Il Marchese, per chi ne frequenta le uscite letterarie, è materia assai complessa, opaca, a tratti effervescente, invisa a resoconti psicanalitici arrangiaticci e a qualsiasi moralismo d’approssimazione, cioè a qualsiasi moralismo.
Brillante, mai banale, alle volte baroccheggiante – da décadent compiaciuto –, ha persino deciso, di recente, facendo trasecolare chi lo segue, di consegnarsi al Grande Fratello Vip. Plastica rappresentazione del welfare televisivo, fucina catodica di assistenzialismo domiciliare per tutti i mediocri d’Italia: e la mediocrità italica, per mole, ha davvero bisogno di un esercito di badanti.
“Non vedevo l’ora di andarmene”, ha dichiarato appena fuori dalle mura della casa degli spiati. Come se potesse davvero sopportare quel format. Come se quel format potesse davvero sopportare lui, il Marchese. Anni e anni di capriole mughiniane non sarebbero state sufficienti. L’intellettuale al GFVip si dà solo se in veste, anzi in vestaglia, di gaffeur funzionale. Dove per gaffeur si intende chiunque risulti anomalo, fuori luogo, rispetto a un determinato contesto comunicativo e dove per funzionale si intende chiunque risulti funzionale all’audience in virtù del proprio incarnare, diligentemente, l’anomalia.
Ma Fulvio Abbate è un indisciplinato cronico, anche nell’essere anomalo. Il disagio e lo spaesamento, dicevano gli scettici, lo avrebbero pizzicato in tempi rapidissimi. La sua aspettativa di permanenza, sulla carta, non poteva superare quella di un meridionale normodotato a un comizio di un meridionale leghista. Un accomodamento indolore era impensabile. Un accomodamento di qualsiasi tipo era impensabile. Soprattutto, era impensabile il prendere parte a una simile schifezza posticcia “con orgoglio” e “senza snobismo”, per mettere alla prova la propria capacità di resistenza “a qualsiasi temperatura”.
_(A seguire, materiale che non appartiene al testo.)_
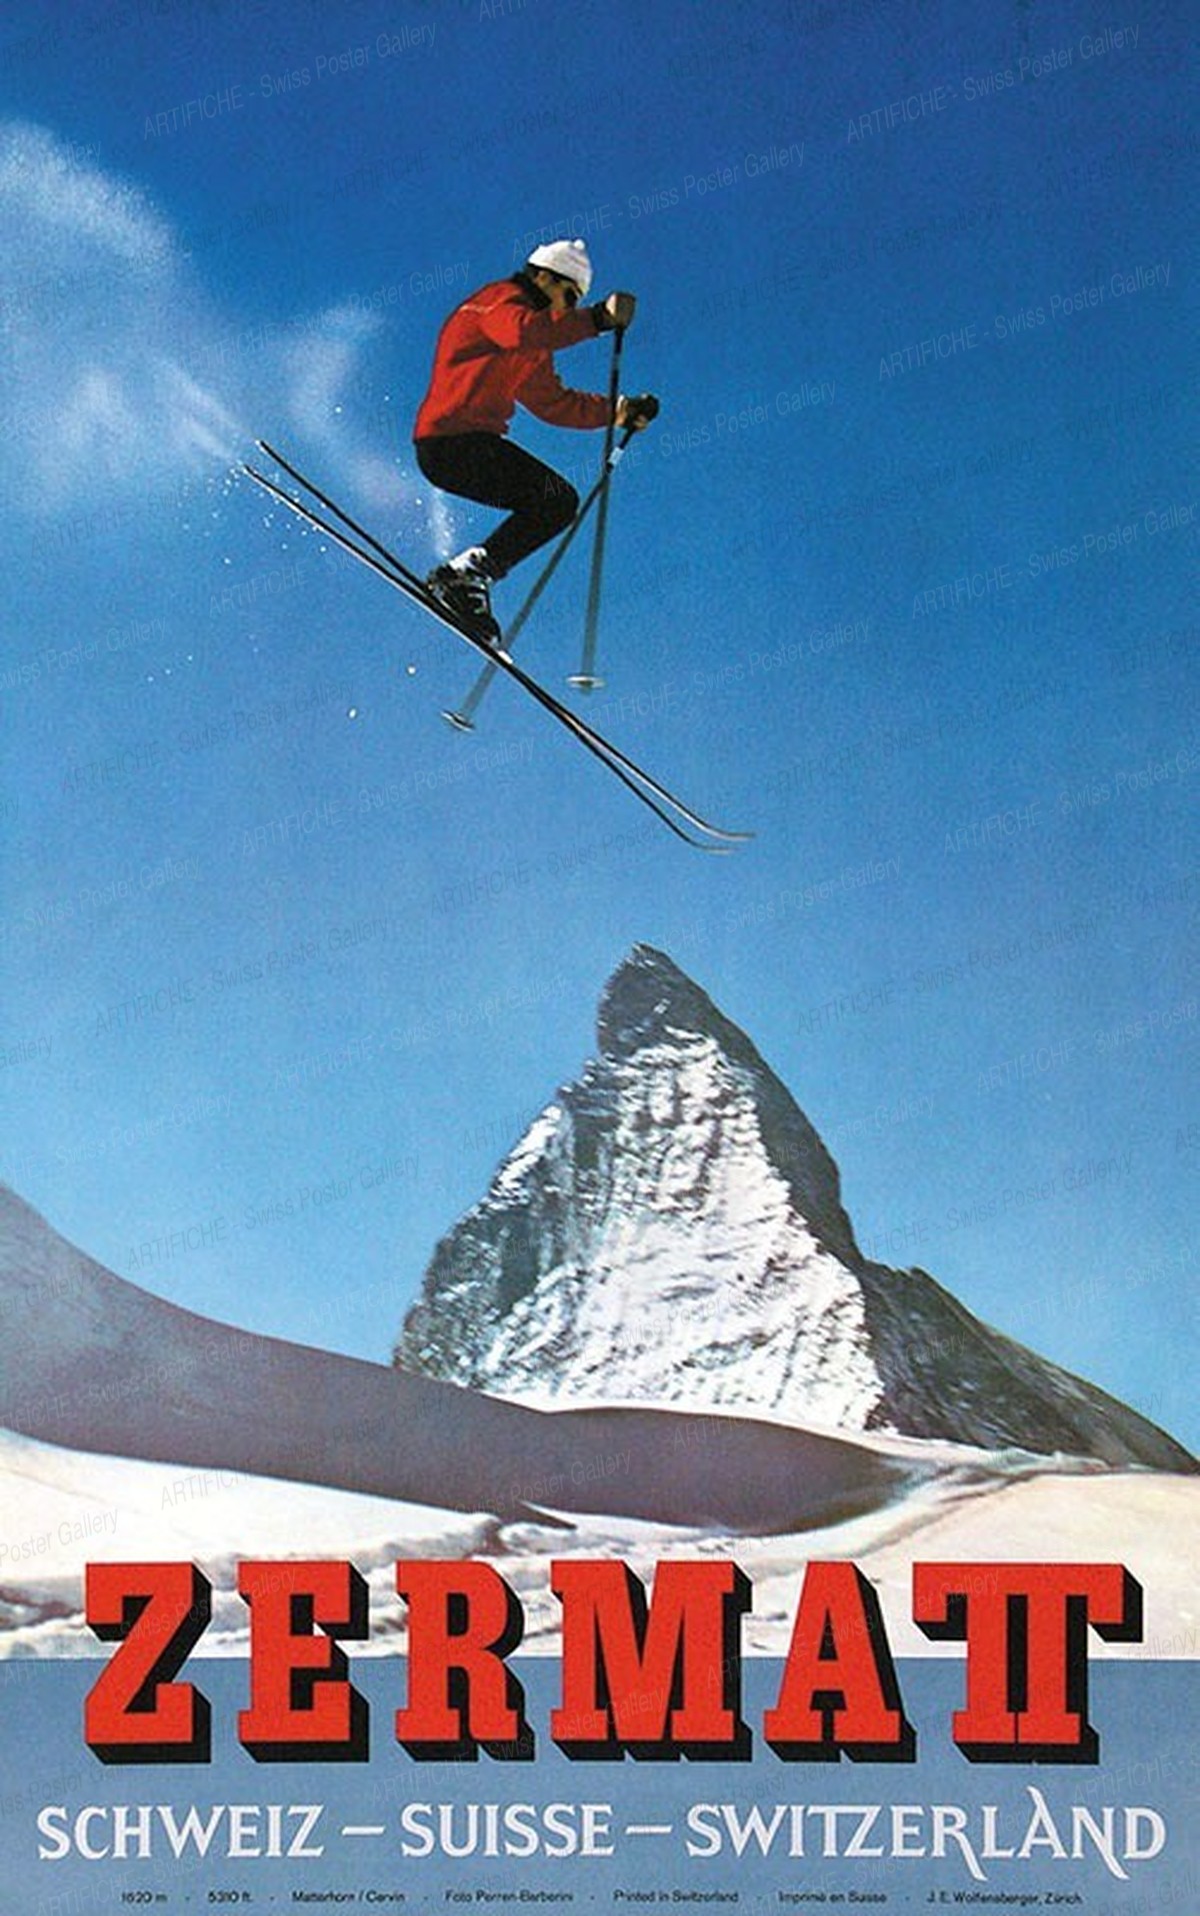 Zermatt – Schweiz – Suisse – Switzerland, Alfred Perren-Barberini

Era moderatamente scontato che tale dichiarazione di intenti, più audace dell’incontro casuale di una macchina da cucire e di un ombrello su un tavolo operatorio, potesse convertirsi, ex post, in considerazioni sulla “contezza del mondo” di Francesco Oppini: “Un mondo nel quale le uniche citazioni che scandiscono la giornata provengono da un perimetro subculturale che va da Paperissima a Sanremo”. Così com’era moderatamente scontato, nel caramelloso cosmo a immagine e somiglianza di Signorini, l’imbattersi in un livello culturale medio inferiore di gran lunga a quello del Pascoli. La domus aurea di Mediaset non è stata escogitata da un drappello di esistenzialisti. Cosa che il Marchese ben sapeva prima di accasarsi.
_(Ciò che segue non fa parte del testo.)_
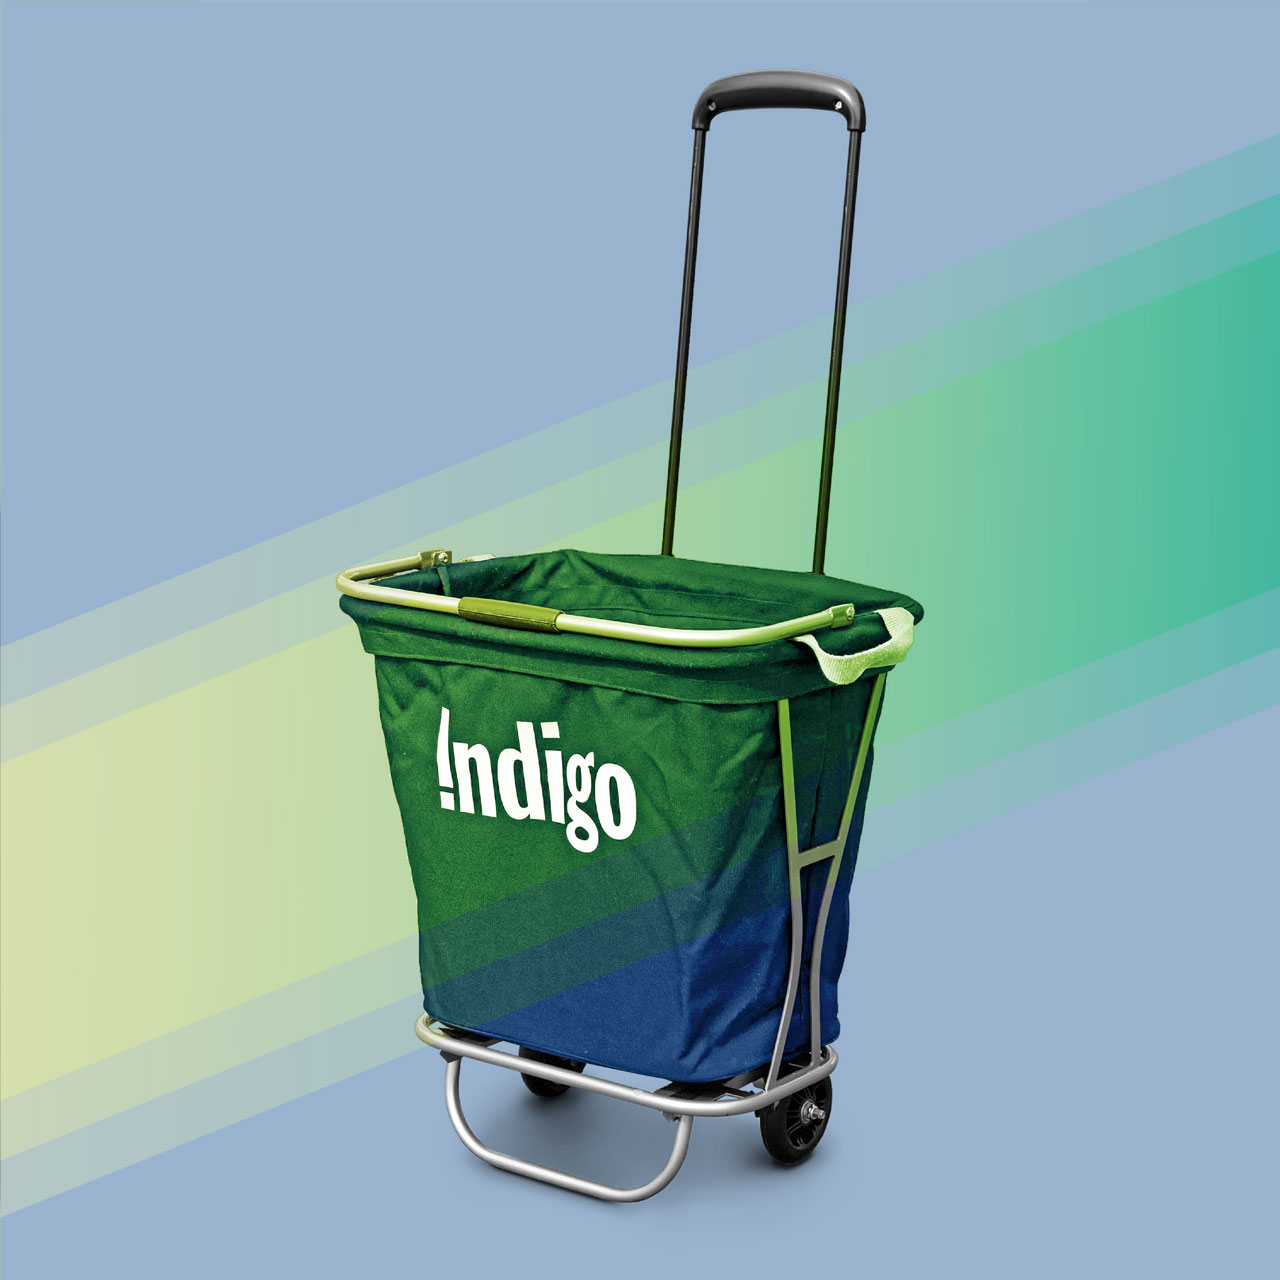 Indigo Shopping Cart Design

Per cui, tralasciando la psicologia da discount, rimane un mistero, al netto dei propositi ufficiali, l’incursione abbatiana. Non supportata, per ammissione del Nostro, dal distacco ironico dell’antropologo pop (“senza snobismo”). Non supportata da un approccio epistemico serioso e disinteressato. Non supportata, si spera, da velleità pedagogiche (per sconficcare da quelle teste di cavernicoli platonici il disordine simbolico che le governa, inducendole magari a esplorare angoli di pensiero alternativi alla scorreggia gossippoide di cui solitamente si nutrono, non basterebbero neanche 200 sessioni di “cura Ludovico”). Non supportata, viene da sé, dall’undicesima tesi su Feuerbach. Non supportata dalla brama di successo né dalla volontà di incrementare il numero dei propri follower, piccinerie lontane anni luce dallo stile del Marchese. Non supportata, in definitiva, da niente di niente. Non supportabile e, chissà, insopportabile.
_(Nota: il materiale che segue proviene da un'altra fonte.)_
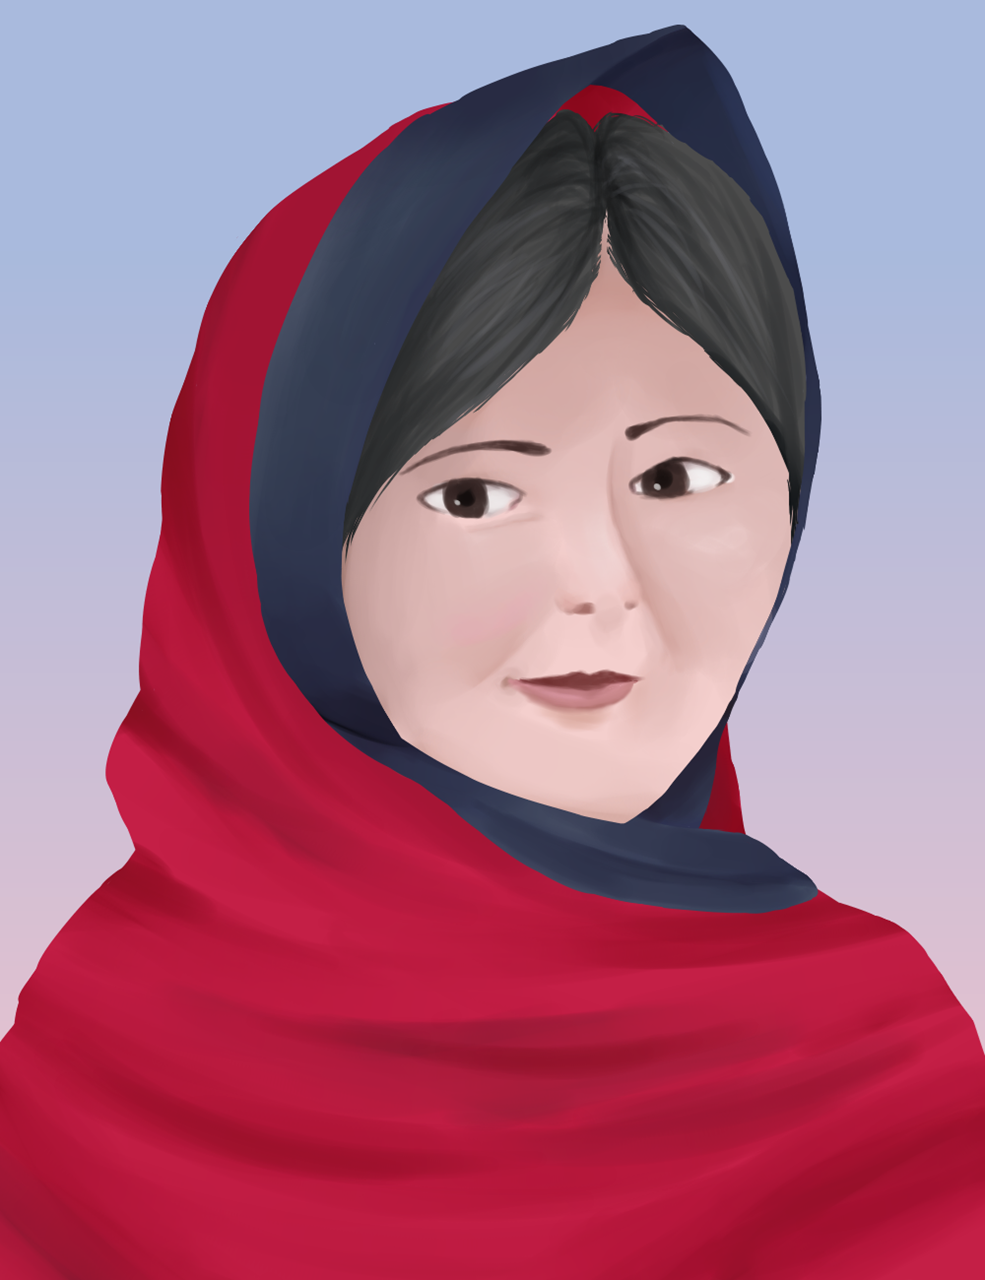 Picture of Malala Yousafzai

A meno che l’approdo in terra di signorinitudini non abbia obbedito a motivazioni meno lineari, riconducibili, per esempio, a un certo desiderio di irriconoscibilità, a un momento psicotico (tutti ne abbiamo diritto) o a un certo gusto, strafottente e anarcoide, per lo scandalo, a metà strada tra una mondanità sperimentale dettata dallo spleen e la performance blasfema.
Ma se così fosse, sarebbe doveroso un ultimo avvertimento: ci vuol poco a passare dallo scandaloso allo scandalistico.